Dipper is solid and real, a comforting warms, an island of color that eases back the contrast. He's holding her hands, speaking gentle nonsense words as his voice slowly filters through the static. He's not glowing anymore, but the peppermint scent lingers. His sphere of influence expands to encompass the entire room until only the ward-lines are bright. Possibly real. Possibly not. It doesn't matter.
"I want to go home," she whispers and folds into his hug. He nods against her hair.
The alarm clock blinks 9:24 PM. How long has she been out of it? Dipper's hands are shaking, his eye brimming with guilt. It's an expression, though, and not slushy ocean waves and hail – that's Grunkle Stan. Anger and guilt and grief.

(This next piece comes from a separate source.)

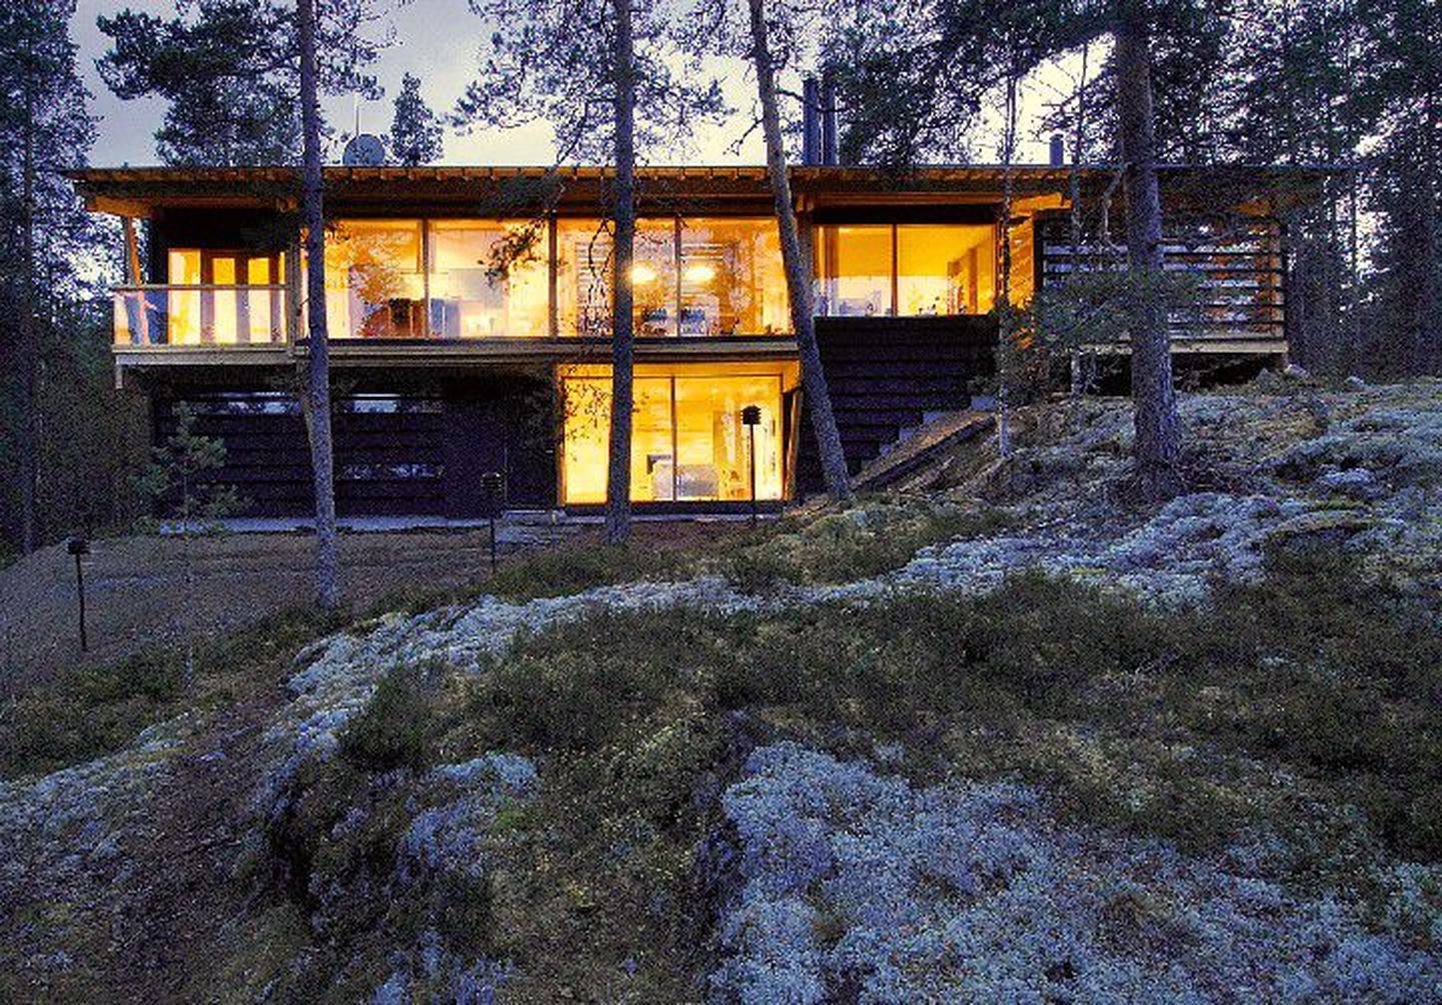 Suvila Kerimäel: Põhjamaade modernismist kantud puithoones on loodud mõnusad tingimused aasta ringi elamiseks.

She knows what that looks like. Learned it quickly enough, learned how it turned the floors and the Shack slick with ice. Grunkle Stan learned too. His relief tastes like sunshine and spring water.
Things make to much more sense at the Shack. The illusions are – not consistent. They share traits though. Grunkle Stan is water, always water. Wendy usually relates to insects: her anger stings and her pain swarms like gnats or ants. Soos is stone but sounds of slot machines. Or maybe the destruction of a construction site.
Ford is the only one who remains clear, for the most part. The marble wings weighing down his shoulders are the only indication of her perception turning sideways.
"We're grounded," Dipper says, edging across the mental gap between them. Grounded for a week, and even after that they're supposed to be home by four with homework finished by six, and in bed by nine for the rest of the month. No friends or phones or tv during that time, either. No dinner tonight.
"The wards worked," she confirms.
It's obvious, really. They're not in the car, or in a hospital. She knows full well what it looks like when she can't escape the illusions. She's seen it in Dipper's head, watched it on the security cameras at the Shack. Color abandons her skin. Her muscles lock. She'll sway, eyes unfocused and darting around. Sometimes, if it's bad enough, she'll attack.
It wasn't bad enough this time. She just went blank.
Grateful, she sinks into the link until they are them, no longer separate. Shared space and shared thoughts, their breathing synced. They fall, not asleep, but into the wards and monitor them for the remainder of the night.